While it’s not uncommon for Facebook’s apps to have occasional glitches, technical issues that last more than a few minutes are rare.

“*Sincere* apologies to everyone impacted by outages of Facebook powered services right now,” Chief Technology Officer Mike Schroepfer tweeted while the platforms were offline. “We are experiencing networking issues and teams are working as fast as possible to debug and restore as fast as possible.”

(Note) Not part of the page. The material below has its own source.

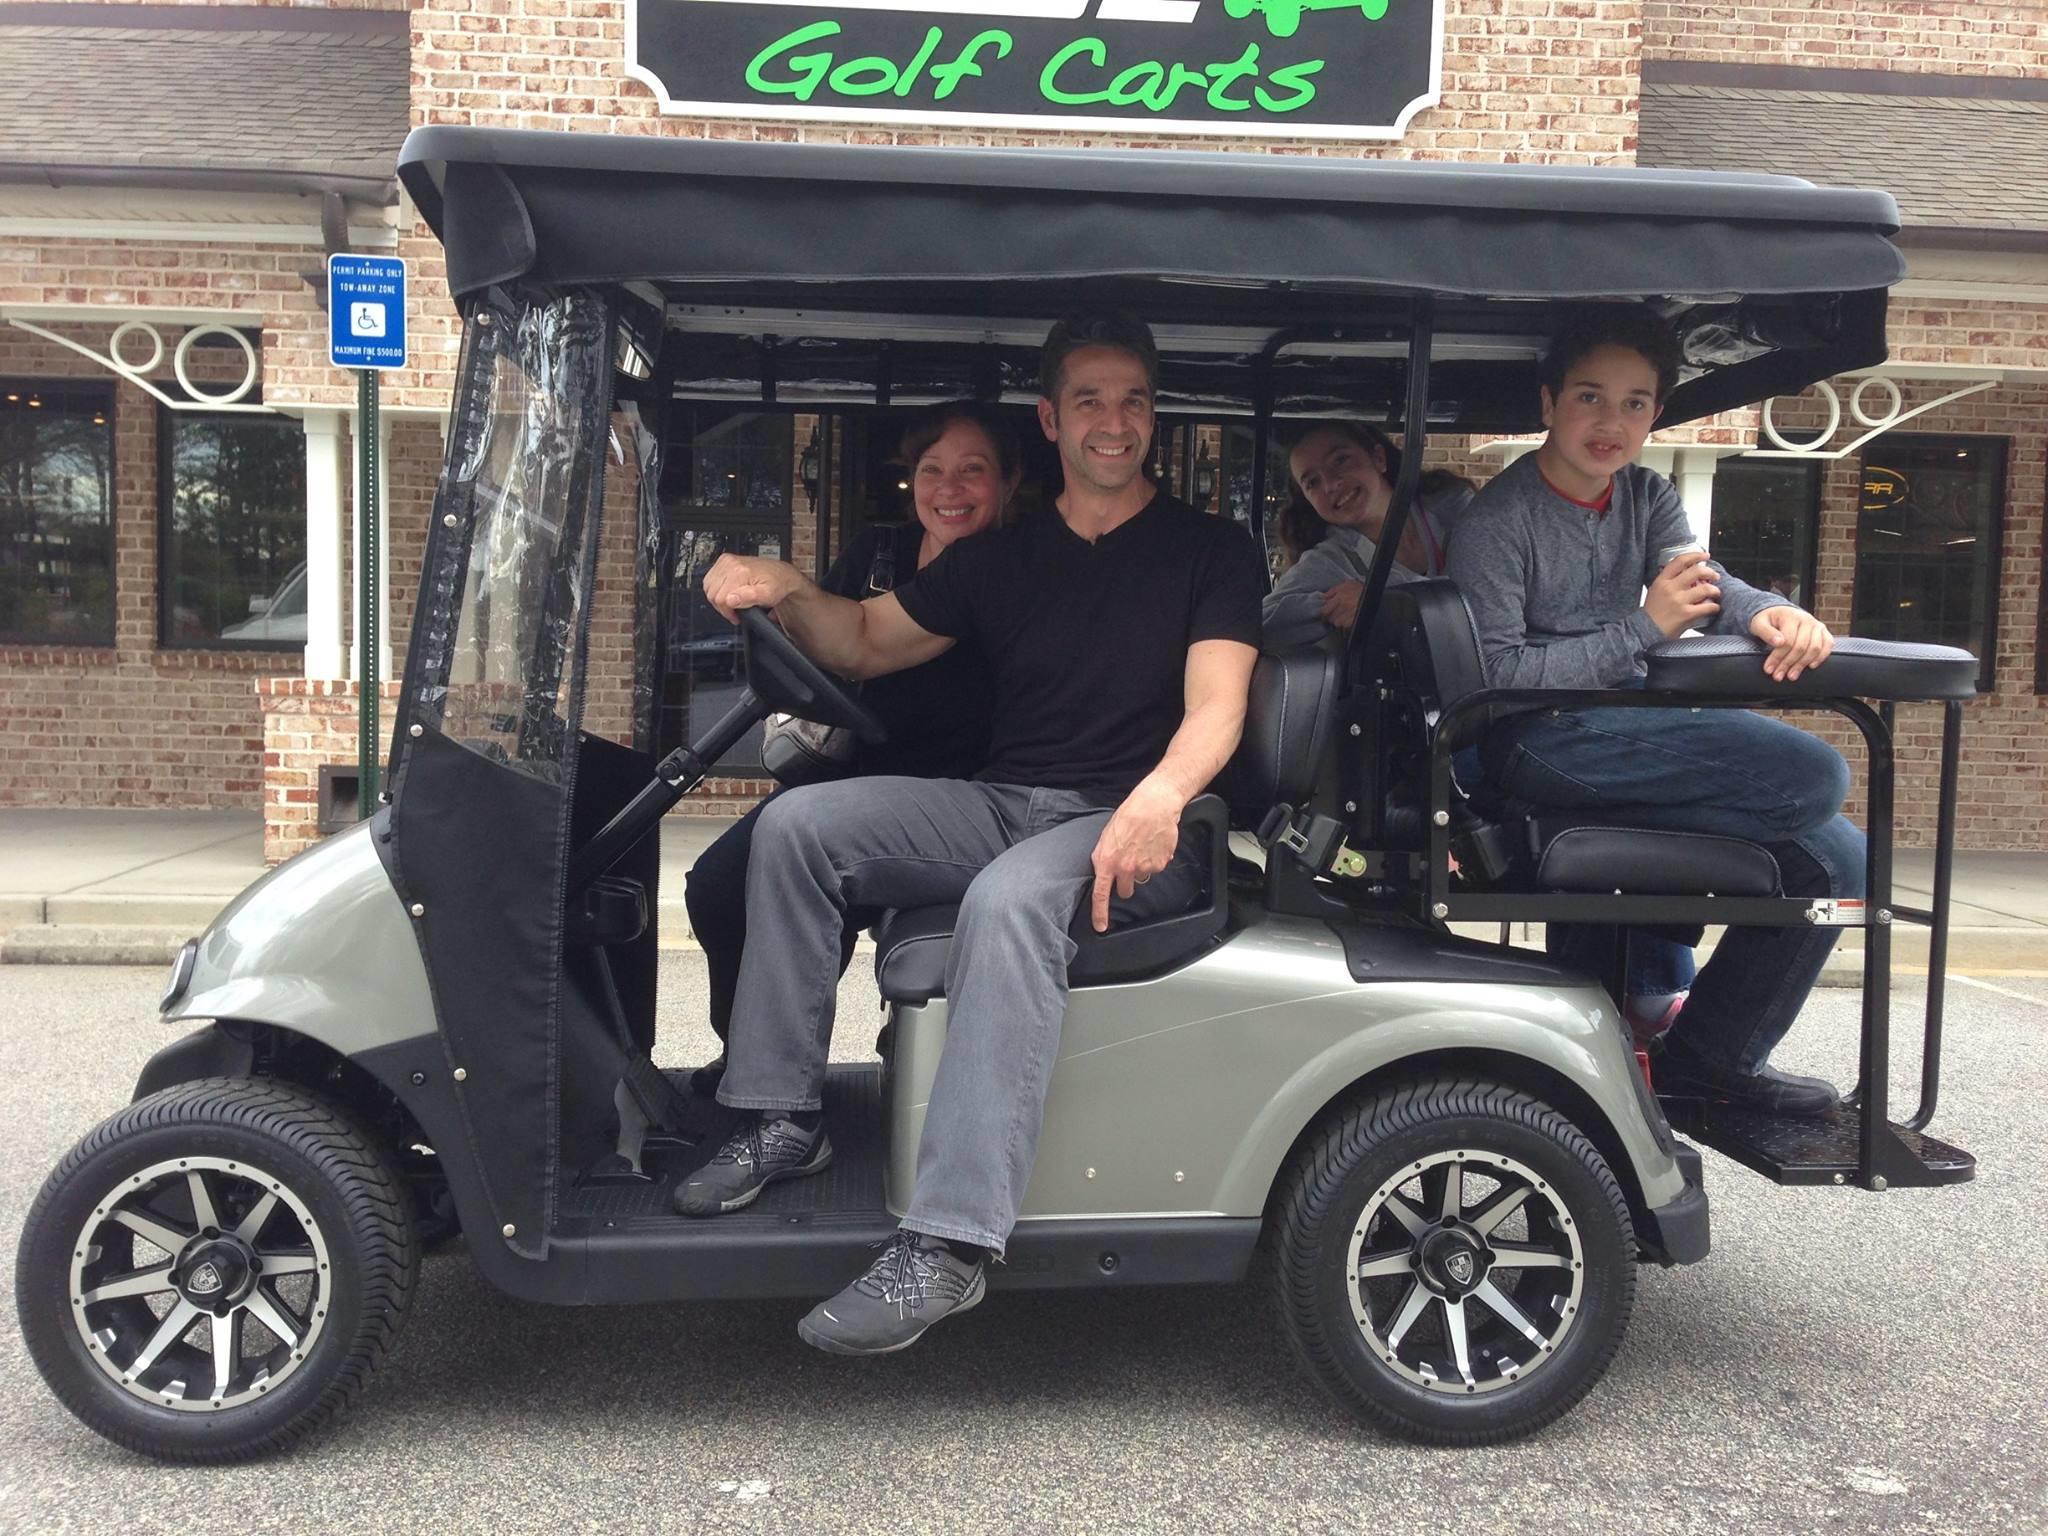 Peachtree City Golf Cars Inc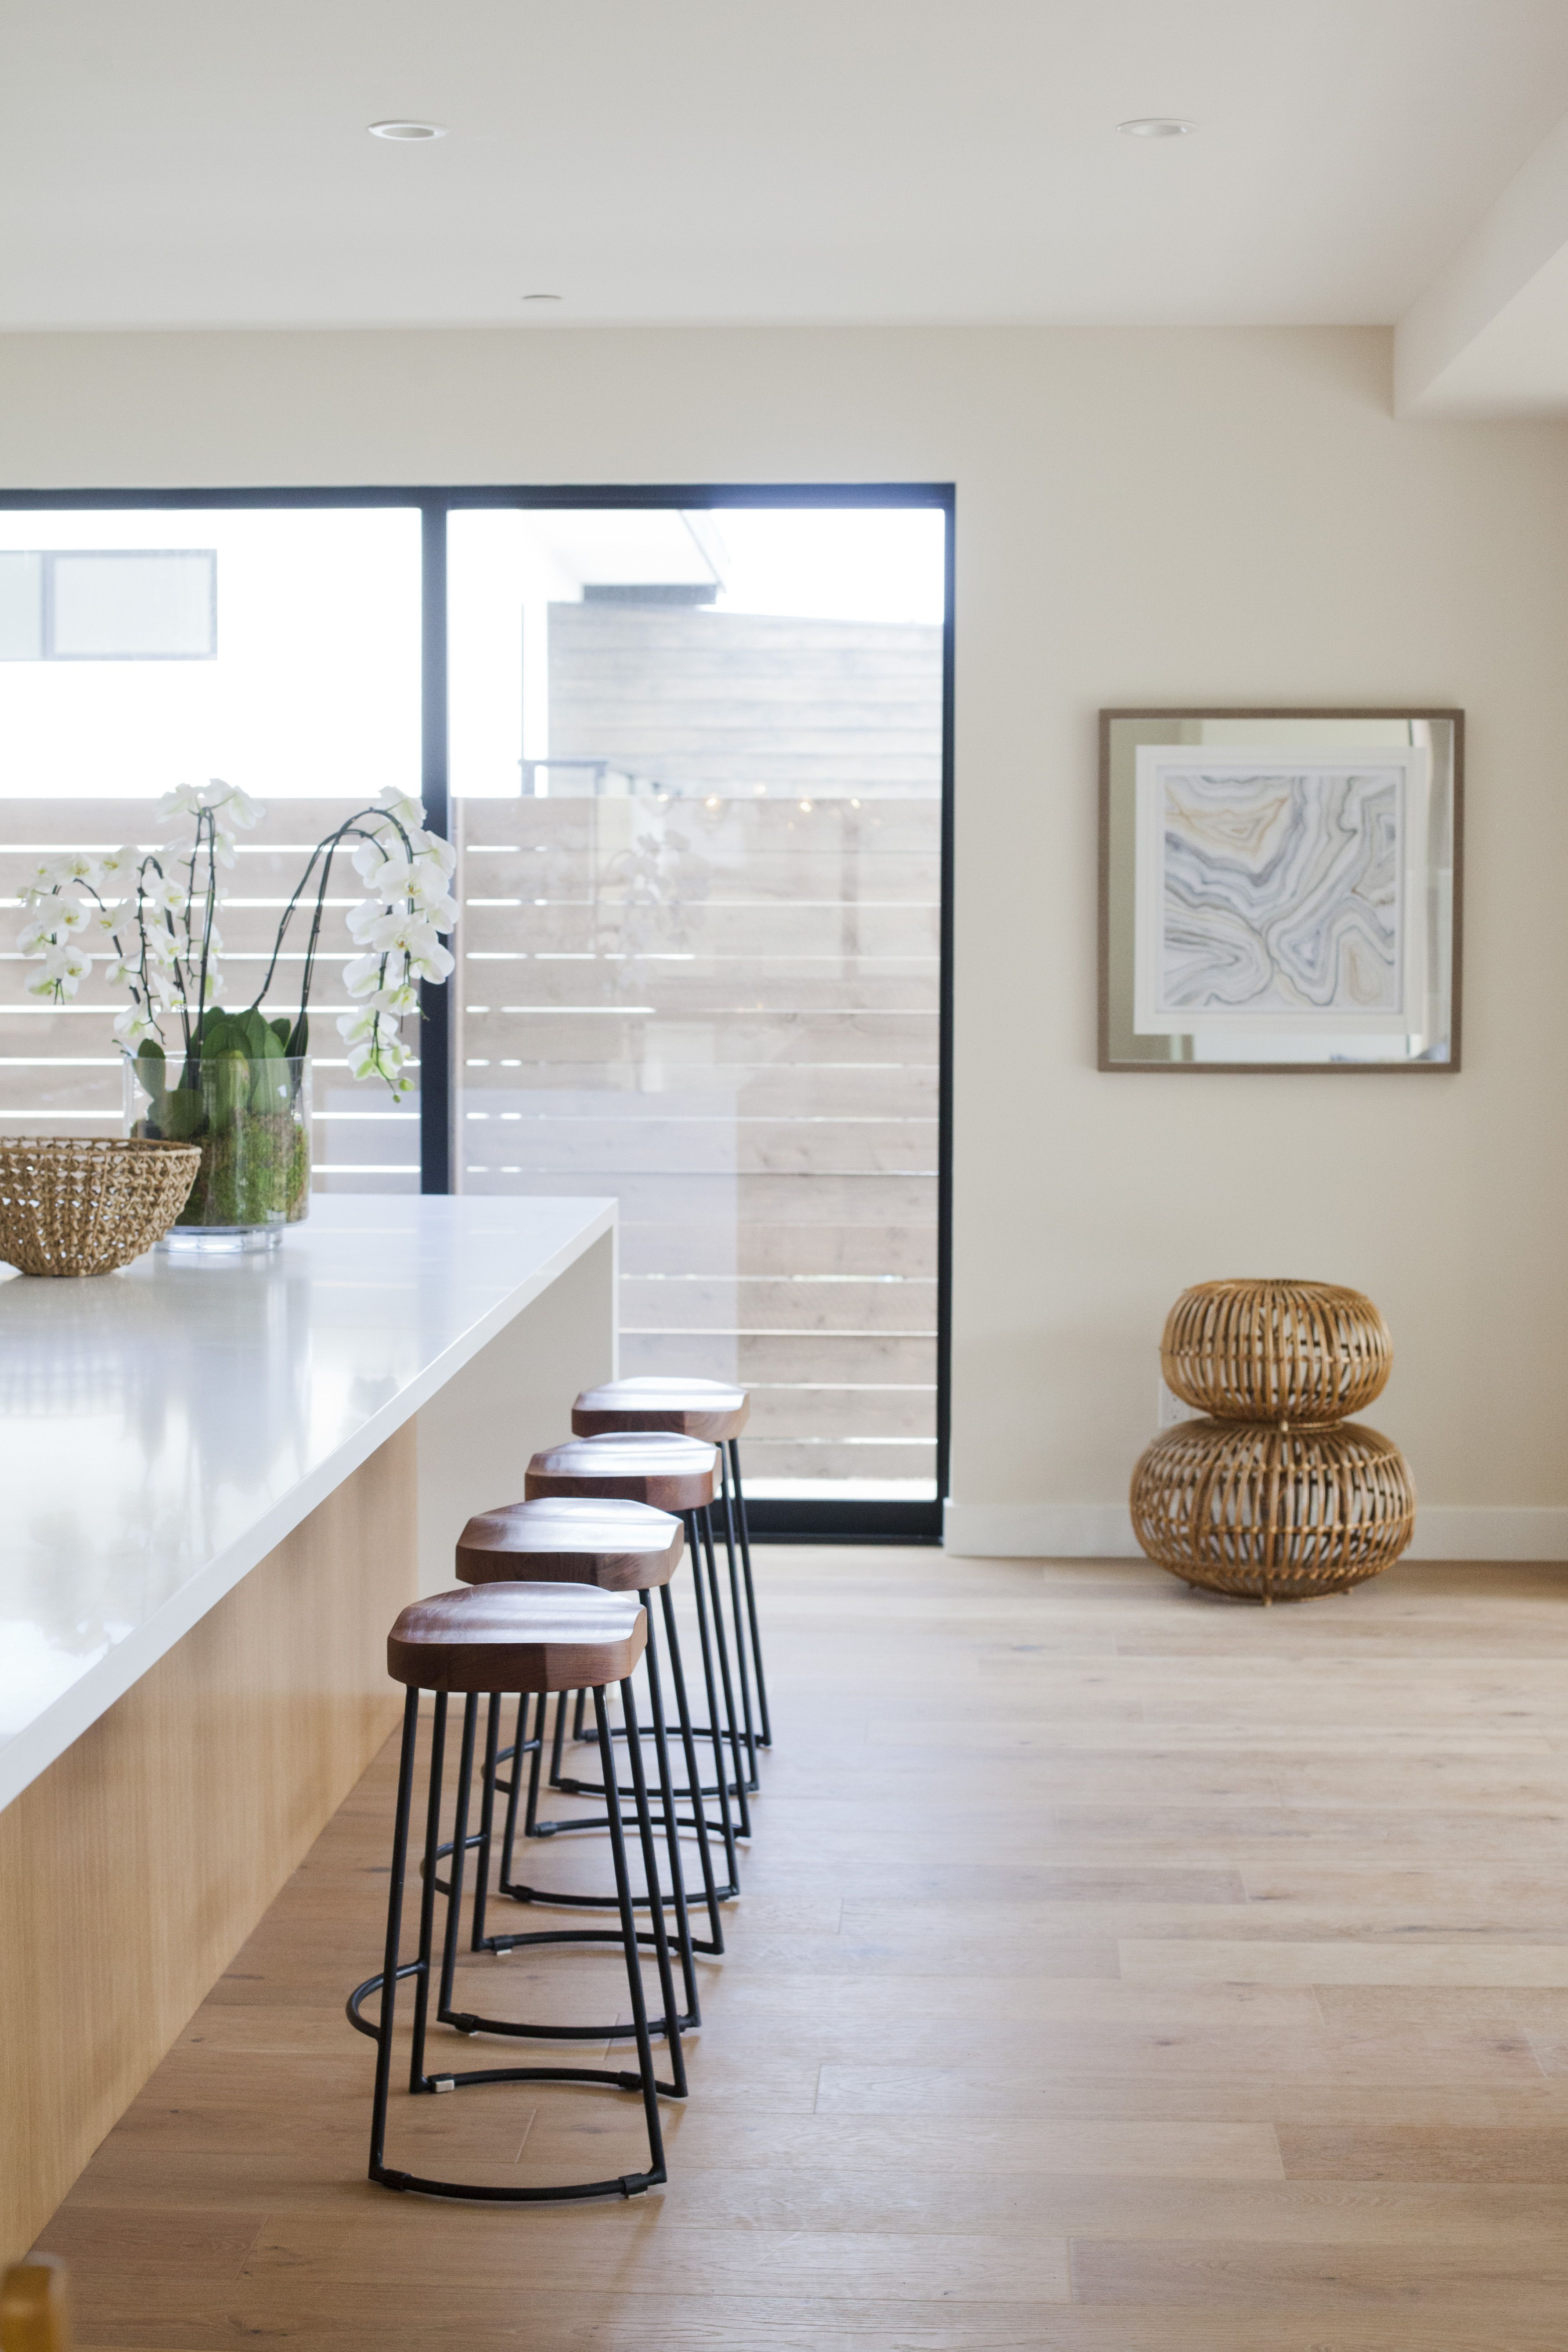 Minimalist White And Natural Wood Finish Kitchen Design  San Alluring Kitchen Designers San Diego Decorating Inspiration

Facebook prematurely turned off safeguards designed to thwart misinformation and rabble rousing after Joe Biden defeated Donald Trump in last year’s election in a moneymaking move that contributed to the Jan. 6 invasion of the U.S. Capitol, a company whistleblower alleges.

Oct. 3, 2021

The outage was the latest in a series of difficult events for Facebook. A former employee turned whistleblower appeared Sunday on CBS’ “60 Minutes” to accuse the company of prioritizing profit over user safety. The former employee, Frances Haugen, also handed over thousands of damning documents to U.S. lawmakers and the Wall Street Journal, which wrote a series of articles last month on Facebook’s struggles with content moderation and Instagram’s negative psychological effect on teenagers. Haugen is also set to testify Tuesday before a Senate subcommittee.

Facebook shares ended the day down 4.9% at $326.23. They had declined before the outage was reported, hurt by the whistleblower’s “60 Minutes” appearance.

The outage appeared to be related to Facebook’s DNS, or domain name system, records. Put simply, DNS converts domain names such as “facebook.com” to the actual internet protocol addresses of the corresponding website. An error in DNS records can make it impossible to connect to a website.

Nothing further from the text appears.